Democrats are out for the kill. Republicans are on the defensive. Right?

Not exactly. When it comes to national security, many Democrats are still pulling their punches, even with Bush's approval rating at an all-time low. Just take the issue of warrantless wiretapping. When the nomination of the man who masterminded the arguably illegal program, Michael Hayden, for CIA director comes before the Senate next week, Intelligence Committee Democrats plan to promptly change the subject.

According to Bloomberg News, "Democrats say they will focus their fire on Michael Hayden's military background and suitability to head the Central Intelligence Agency...and won't emphasize the nominee's role in running a much-criticized eavesdropping program."

Isn't his role as chief wiretapper central to his suitability? Do we want a CIA chief who believes he's above the rule of law? Is it politically advantageous for Democrats to let Republicans continue to dictate the terms of national security debates?

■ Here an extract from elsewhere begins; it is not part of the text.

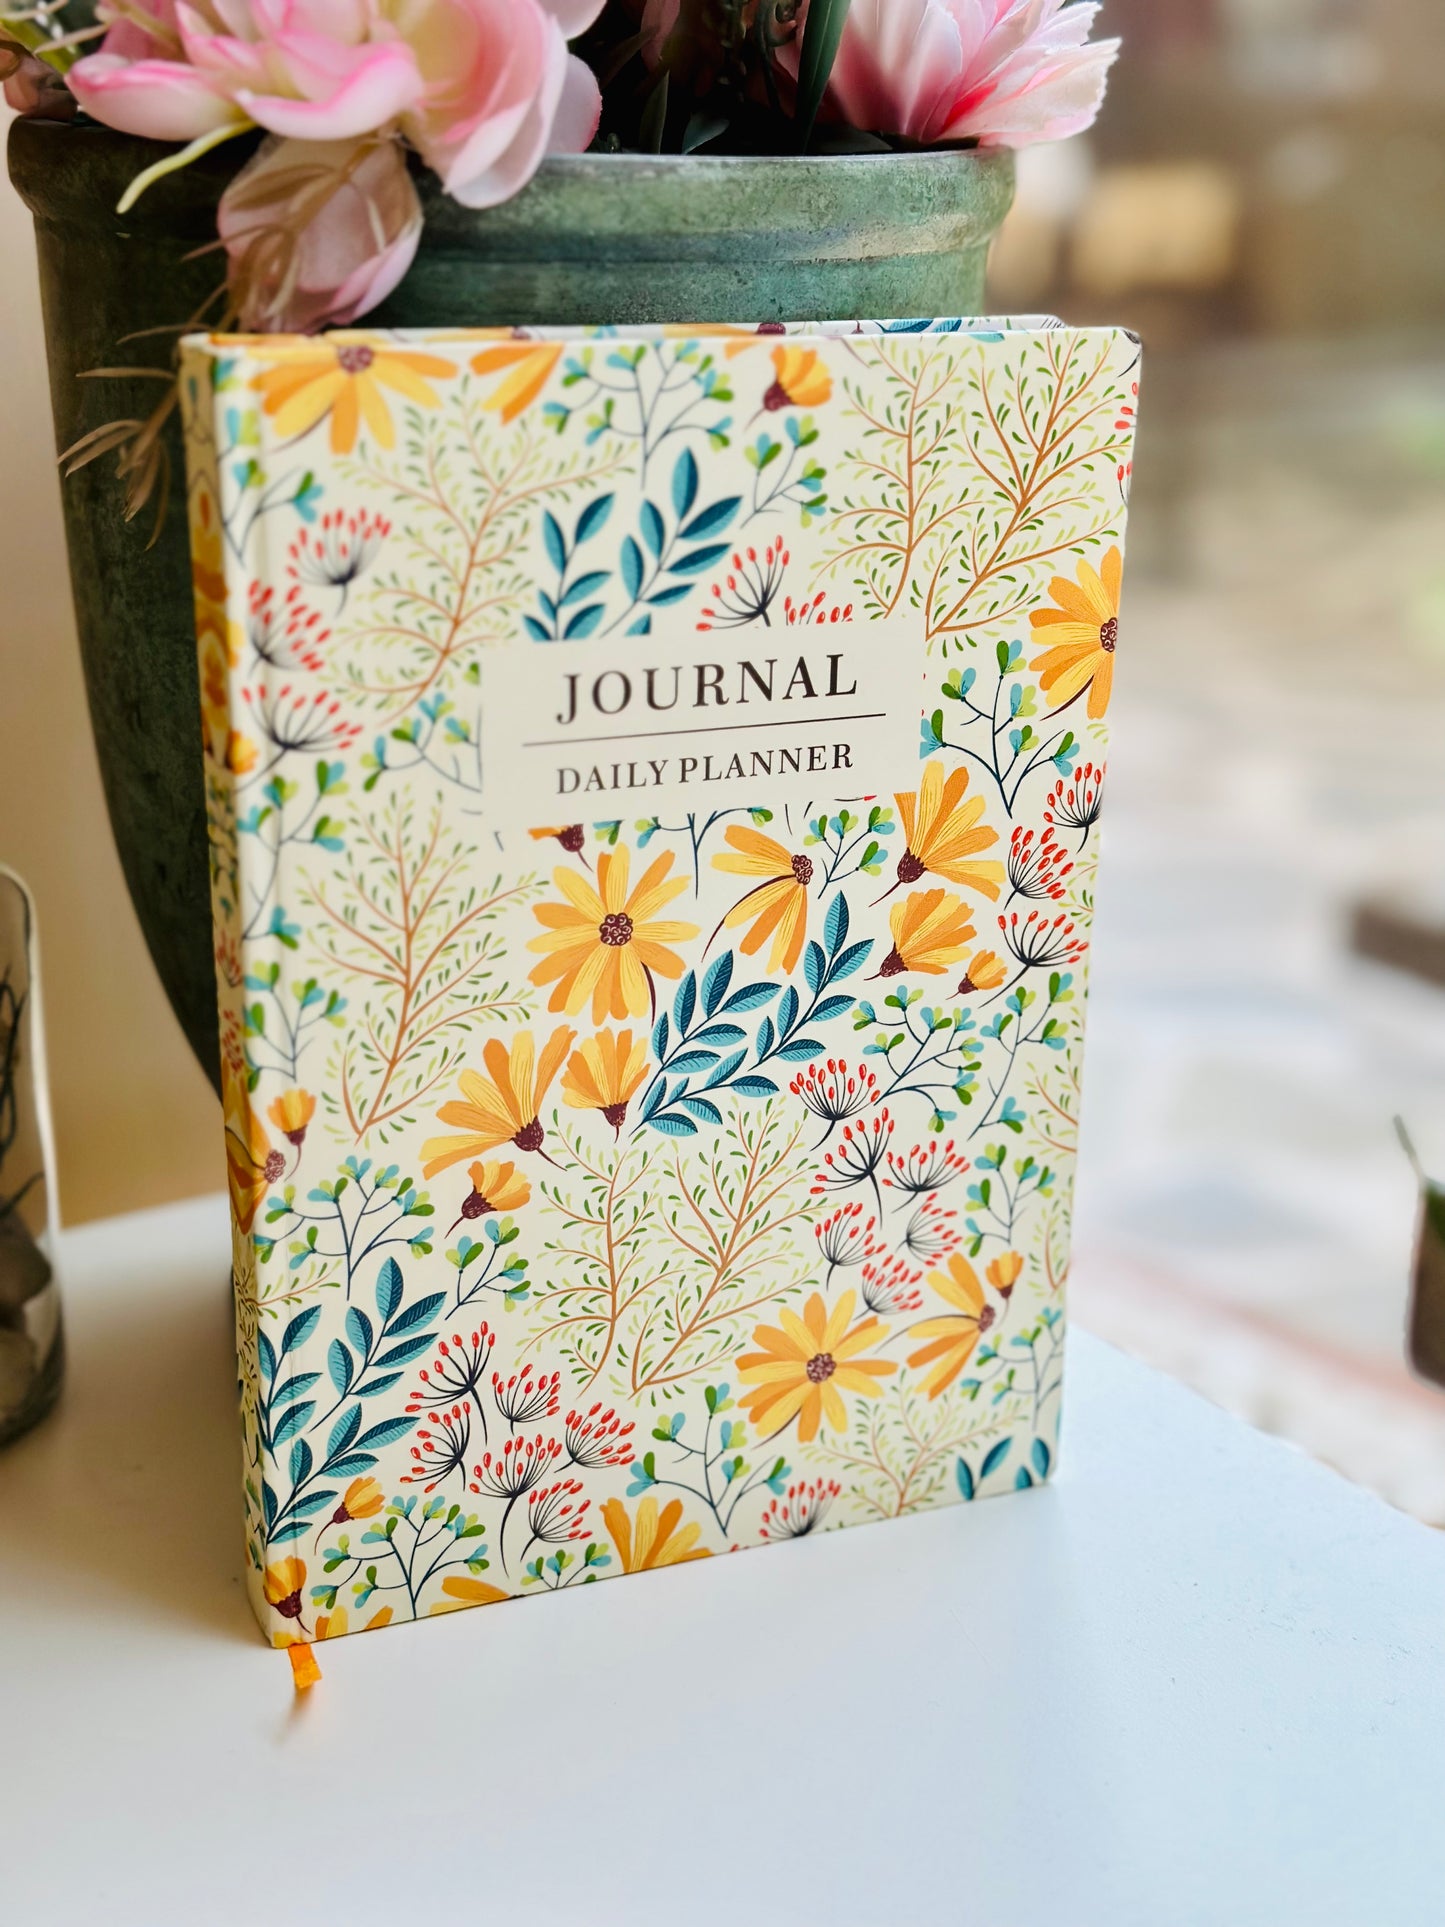 Daily planner | Floral rush

To reinforce the putrid status quo, Bloomberg quotes a former CIA hand-turned-professor saying: "The public seems to have concluded that the idea of listening in on people who want to blow up things in this country is a pretty good idea."

Of course, if that's how you phrase it. In fact, the public is split on the program. Americans disapprove of the way Bush is fighting the war on terror. And no one knows exactly who the Administration is listening on. They won't tell us. And Congress won't ask.

Hayden's nomination would be the perfect occasion for Democrats to demand answers to some of these questions.